- _Exercise directions_
When you repeat the material, keep each line exact and omit the pictures.

- _Given data_
########

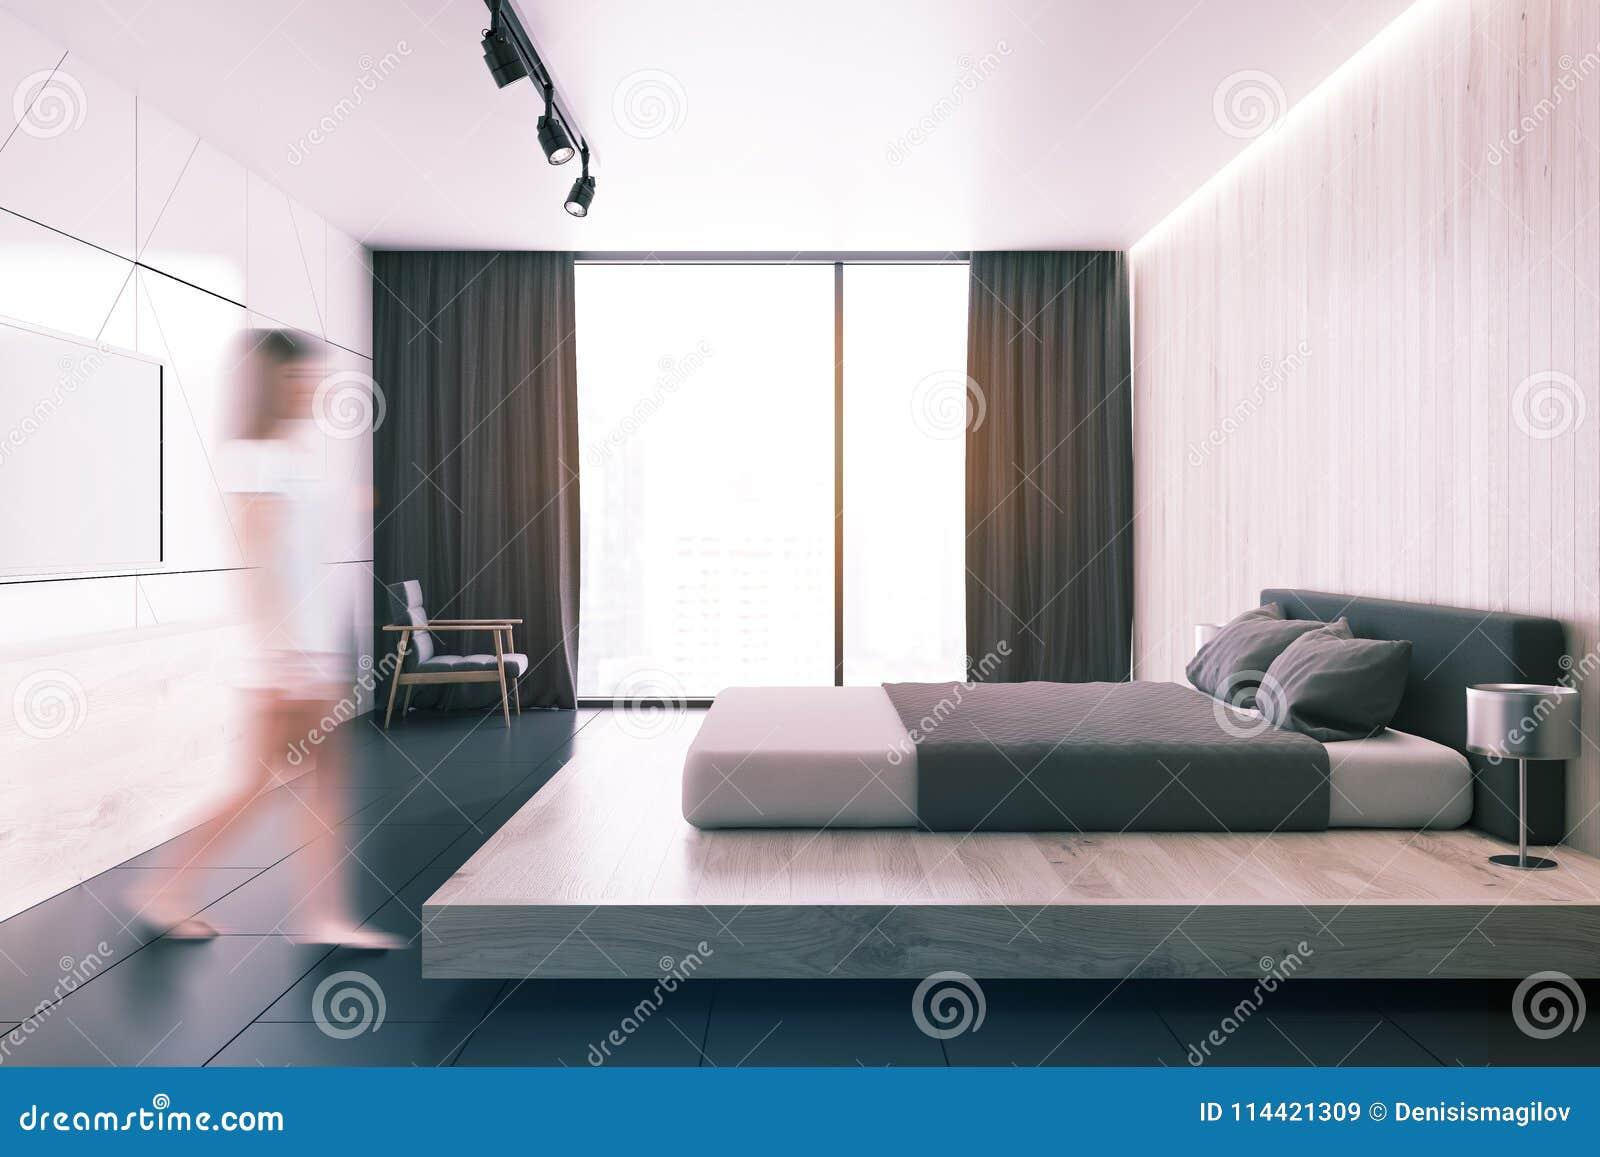 Белая спальня просторной квартиры с телевизором тонизированный взгляд со стороны
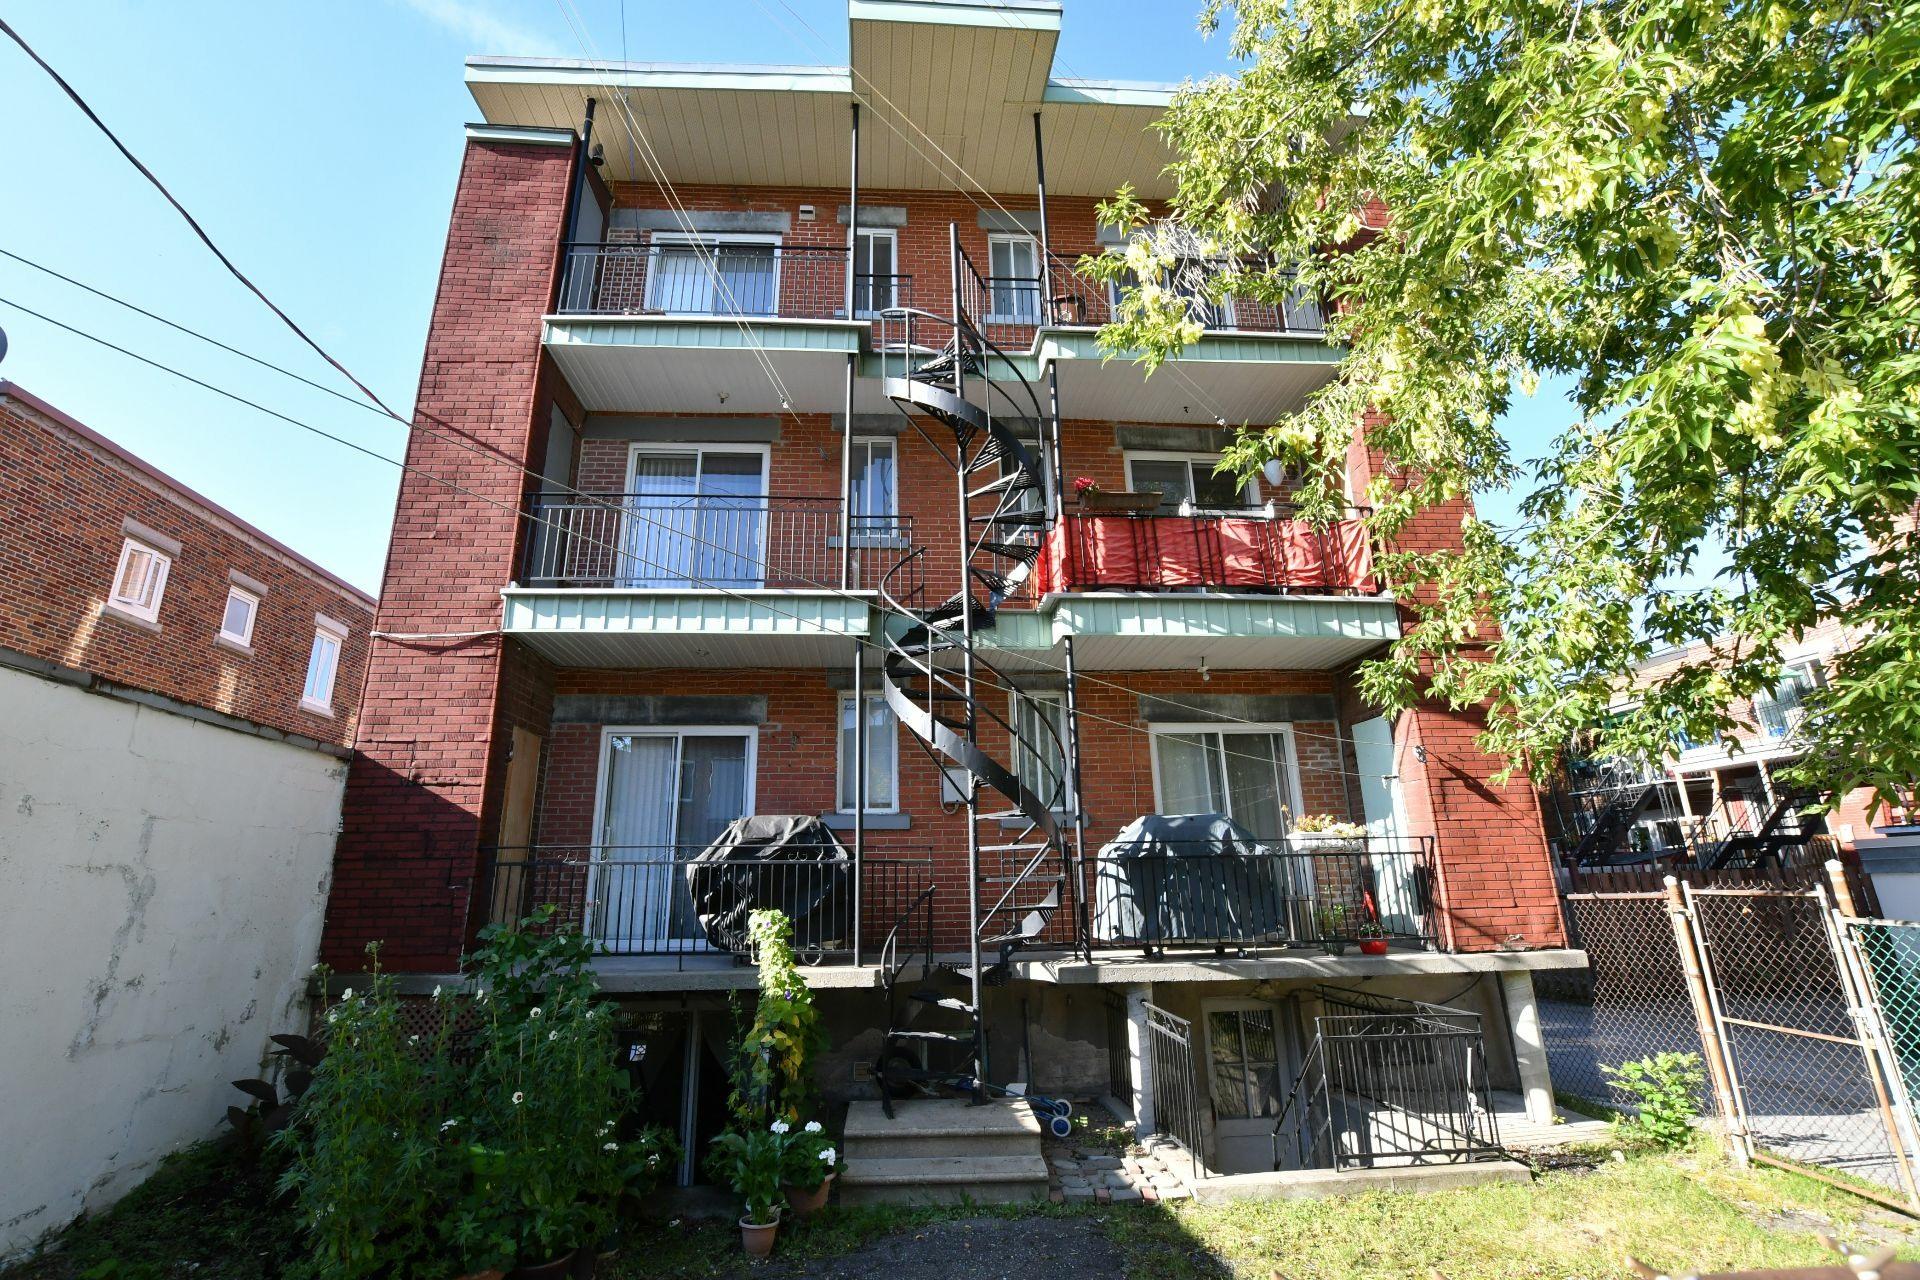 image 10 - Immeuble à revenus À vendre Montréal Villeray/Saint-Michel/Parc-Extension  - 4 pièces
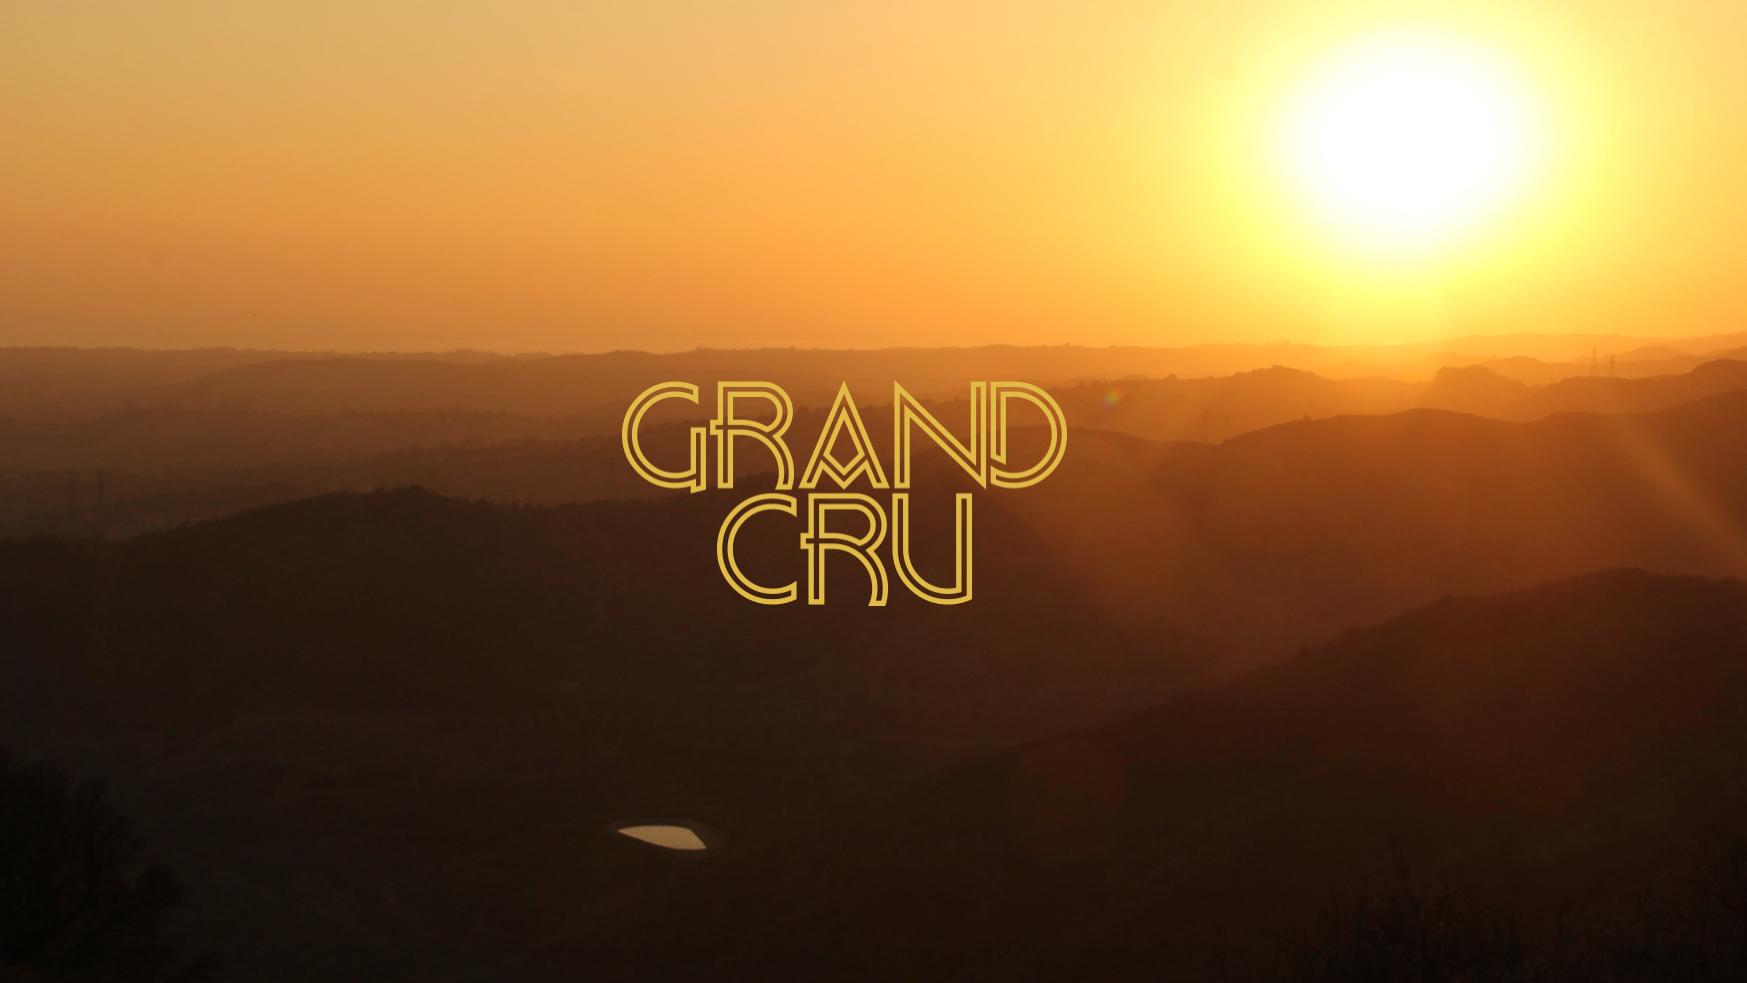 GrandCruHeader

########

- _Completed exercise_
 Белая спальня просторной квартиры с телевизором тонизированный взгляд со стороны
 image 10 - Immeuble à revenus À vendre Montréal Villeray/Saint-Michel/Parc-Extension  - 4 pièces
 GrandCruHeader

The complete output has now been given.